With Mercedes counting itself out of the running — explained further below — Ferrari only had to manage the tyres to the finish, made amply easier by three safety car interventions. Leclerc requested extra power at the second restart in a bid to correct the order, but he was told by the team to focus on bringing the car home, a tacit command to hold station, securing the one-two finish.

Could Leclerc have maintained the lead by biting the bullet and stopping first? Ferrari was in an invidious position in this regard — it was worried about the undercut, but so too was the overcut — utilising Mercedes’s impressive Friday practice pace — a perceived risk. Leclerc would’ve dropped into the gap ahead of Hulkenberg and close to Racing Point’s Lance Stroll, which would have allowed Hamilton to unleash what was left of his tyres in clear air to potentially jump the Ferrari. In retrospect the undercut was powerful enough to negate this, but the team wasn’t to know at the time.

In any case, once Verstappen stopped, the die was cast. Ferrari had to stop Vettel in response lest it lost a place to the Dutchman, and it also knew it could jump Hamilton in the process. Had it waited and stopped Leclerc without stopping Vettel, it would have lost victory, never mind the one-two finish.

Mercedes too conservative
Ferrari wasn’t the only team to suffer poor communication — Mercedes too was caught in a muddle at the end of the first stint as Ferrari and Red Bull Racing began stopping.

Mercedes wasn’t willing to risk the undercut, not convinced by its effectiveness in the traffic Leclerc had created, but the team recognised when Vettel stopped that Hamilton would lose second place.

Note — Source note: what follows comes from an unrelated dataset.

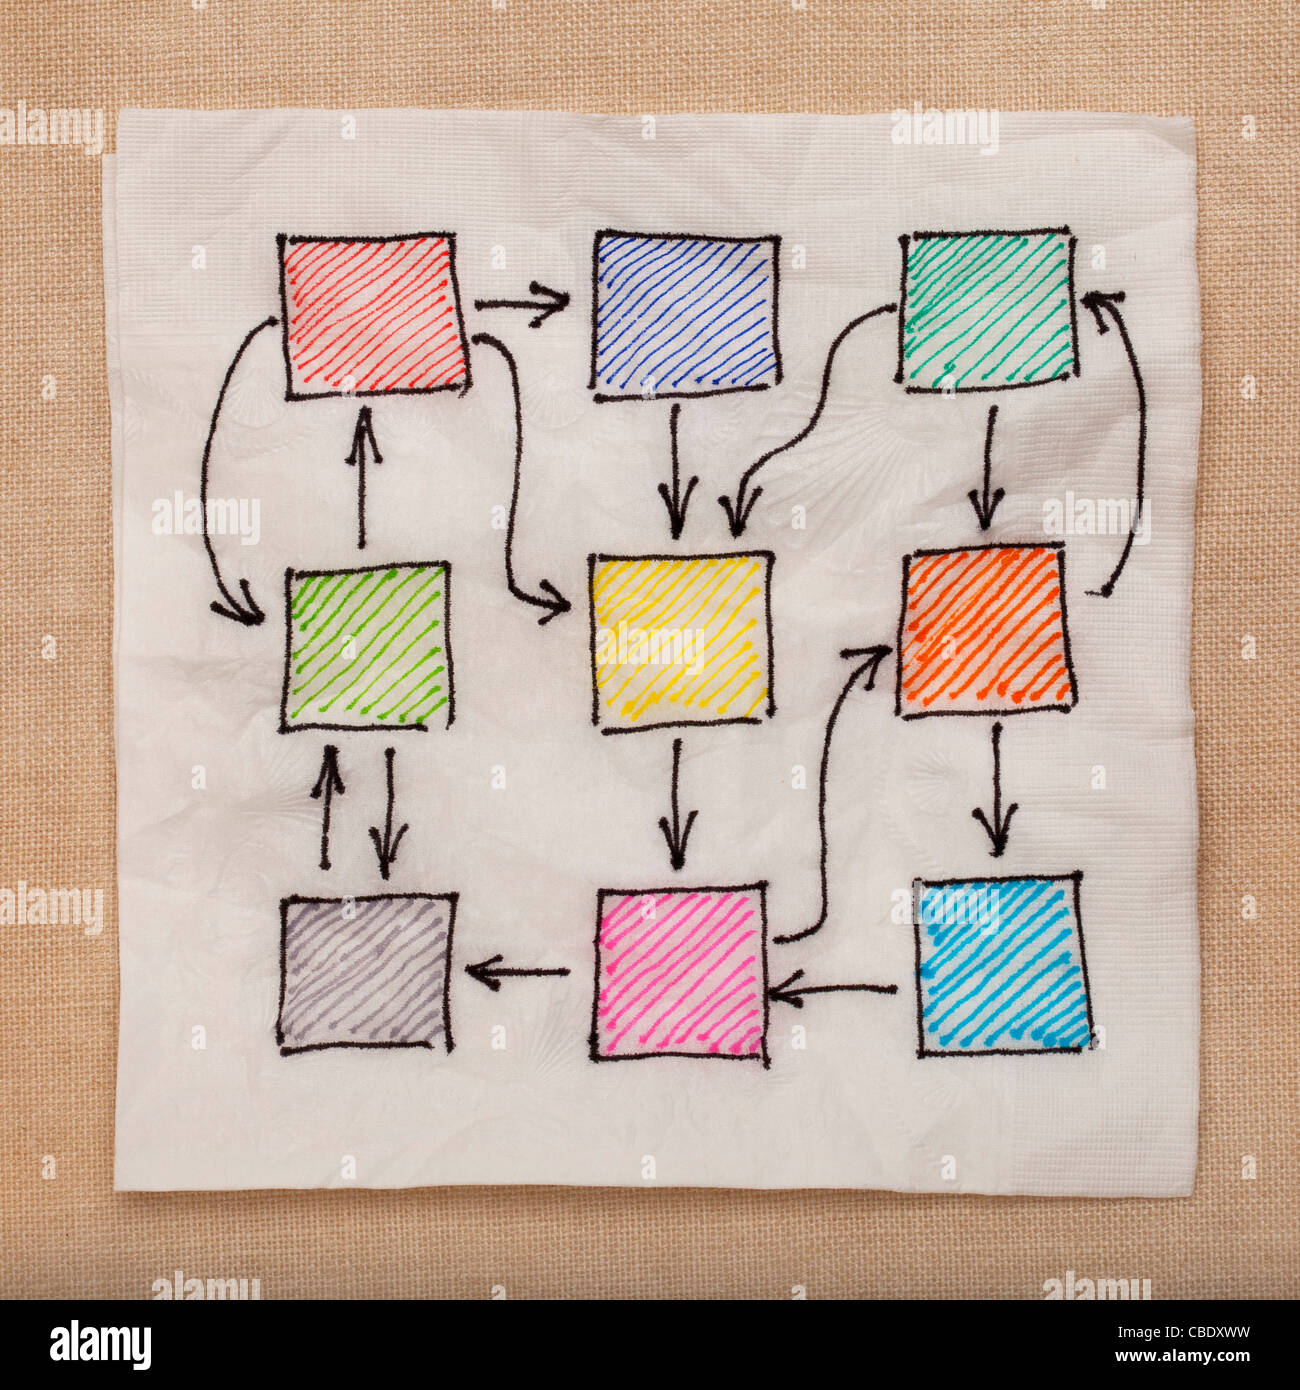 abstrakte Flussdiagramm oder Netzwerk mit komplizierten Verbindung - doodle Serviette gegen Tischdecke Stockfoto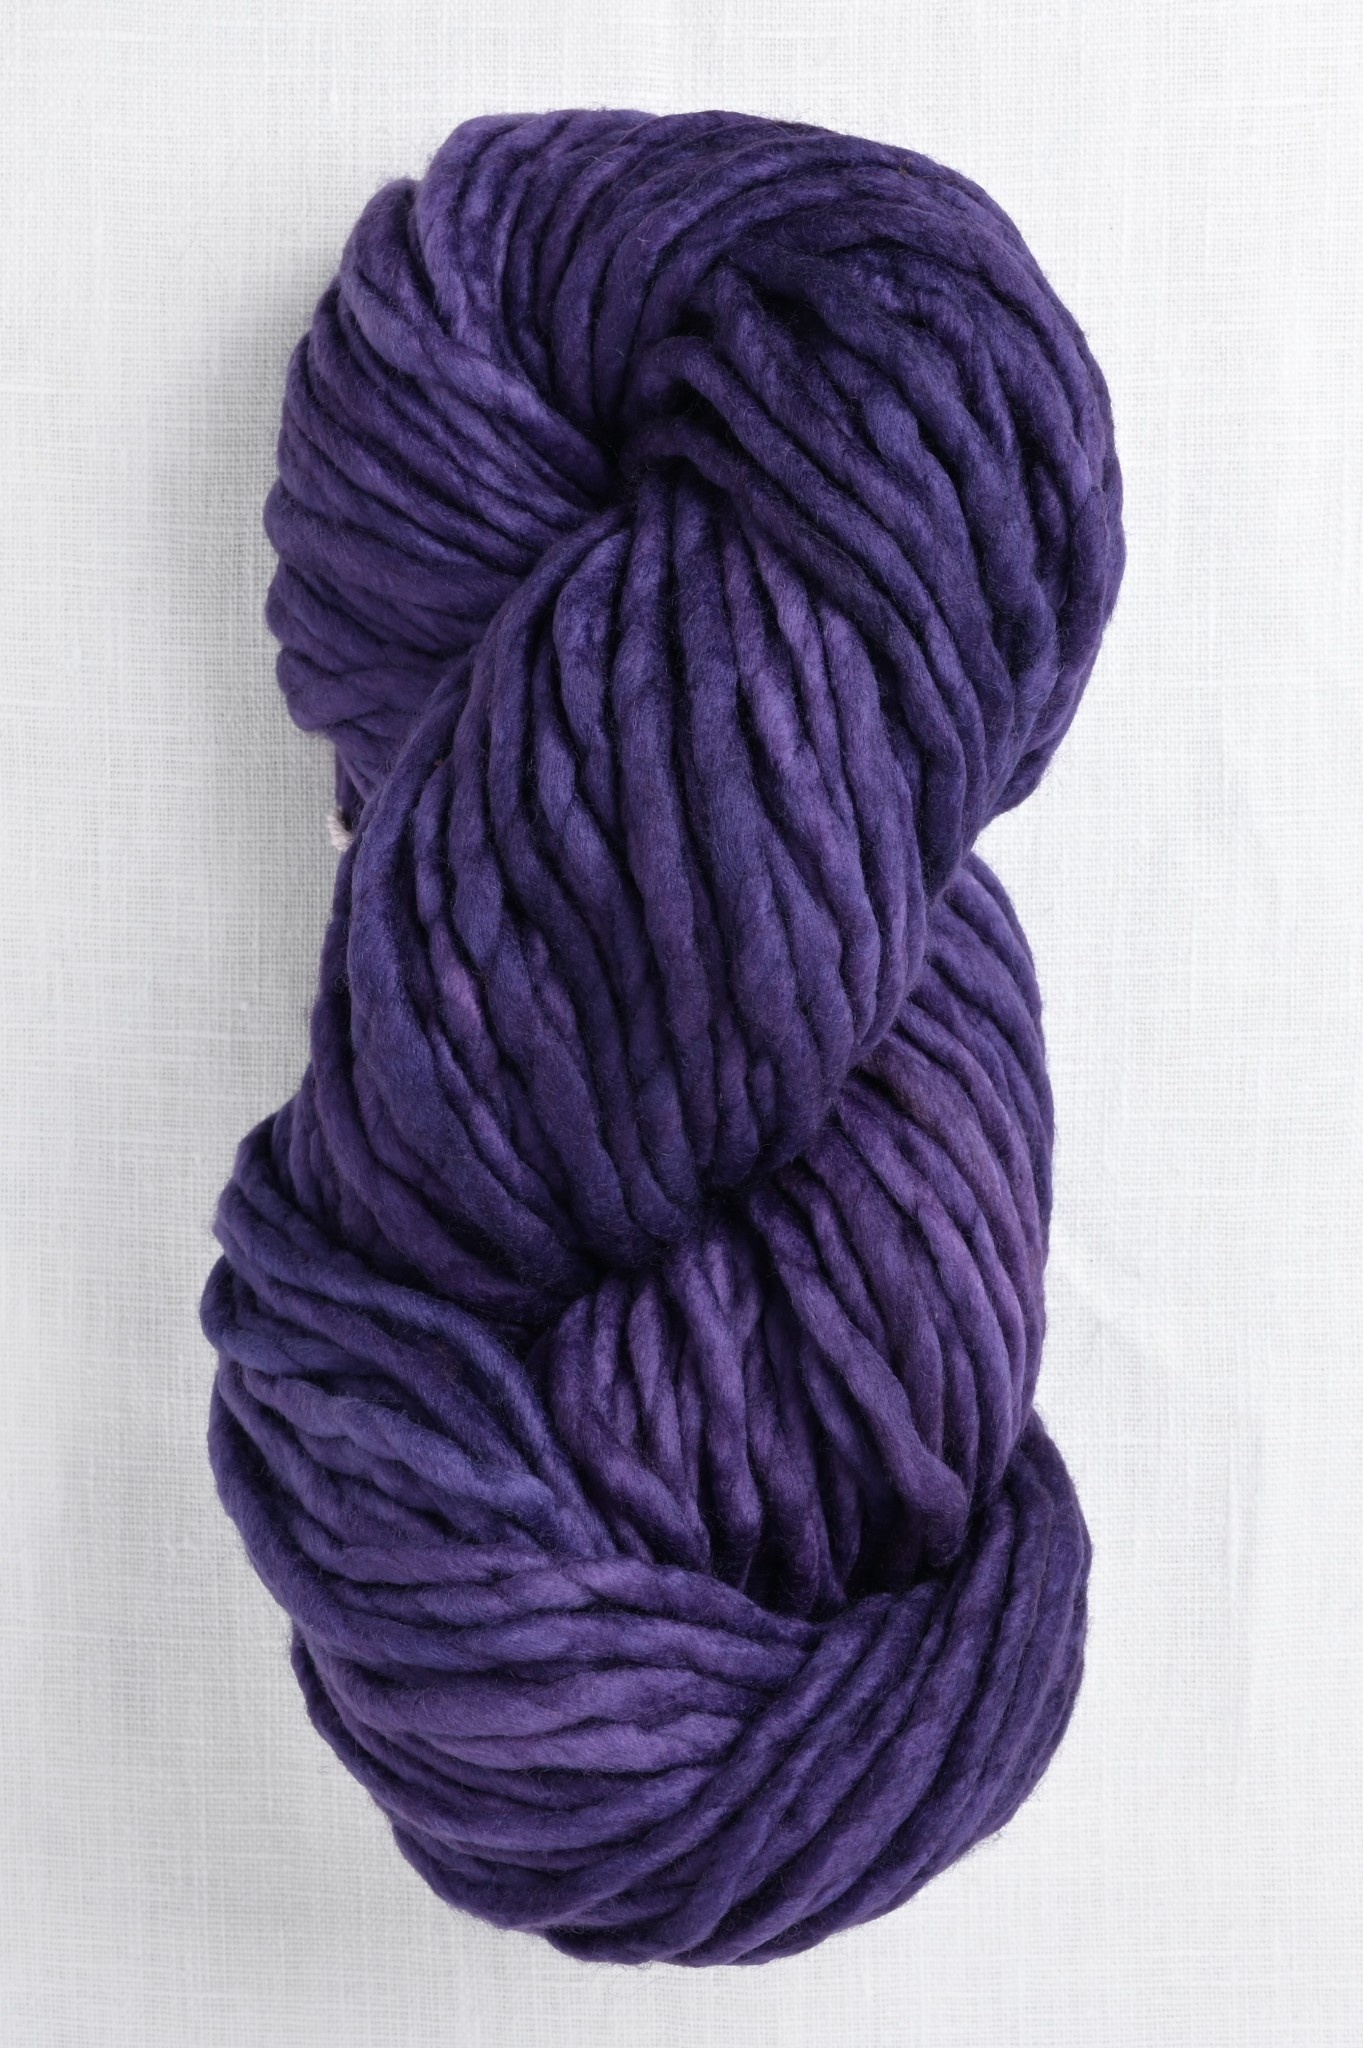 Malabrigo Rasta 808 Violeta Africana - Wool and Company Fine Yarn

However, rather than defend third from Verstappen, the team told Hamilton to do the opposite of Leclerc on lap 20, and when Leclerc stopped, Hamilton remained out.

Hamilton assumed he was going for a short overcut attempt and used up his tyres in the two following laps, but Mercedes soon after told him he was to build a tyre offset for a later change. By lap 24 his pace began falling away dramatically and it was clear he would have to stop ahead of schedule, cooking his strategy.

His tyre change came on lap 26, but only after Valtteri Bottas, who’d stopped on lap 22, was ordered to slow down dramatically to build a gap for his teammate to stop into, salvaging the championship leader fourth place. Bottas later confirmed this was a longstanding team policy to not disadvantage the lead driver when the team misapplies strategy decisions.

Hulkenberg saved by the safety car
The Singapore Grand Prix has a 100 per cent safety car record, but the first of three in the 2018 edition nonetheless caught the midfield off-guard, with no fewer than four drivers pitting less than three laps before the first intervention on lap 36.

Nico Hulkenberg was the only driver to keep the faith and go long — admittedly he was on the hard tyre after his first-lap pit stop — and it paid big dividends for the German, catapulting him from what seemed likely to be a non-points finish into eighth ninth place behind Pierre Gasly.

The missed cheap-stop opportunity was particularly painful for Antonio Giovinazzi, who stopped fifth pace on lap 34, though he took advantage of the safety car to make a second change on to the soft, which allowed him to make a fighting finish of his race, moving from 15th to 10th.

Pierre Gasly stopped from third on lap 32, dropping to 16th, before making up four positions through the following midfield stops and racing up to eighth in the final stint.

The winner’s strategy
Sebastian Vettel: soft (used) to lap 19, hard (new) to lap 61.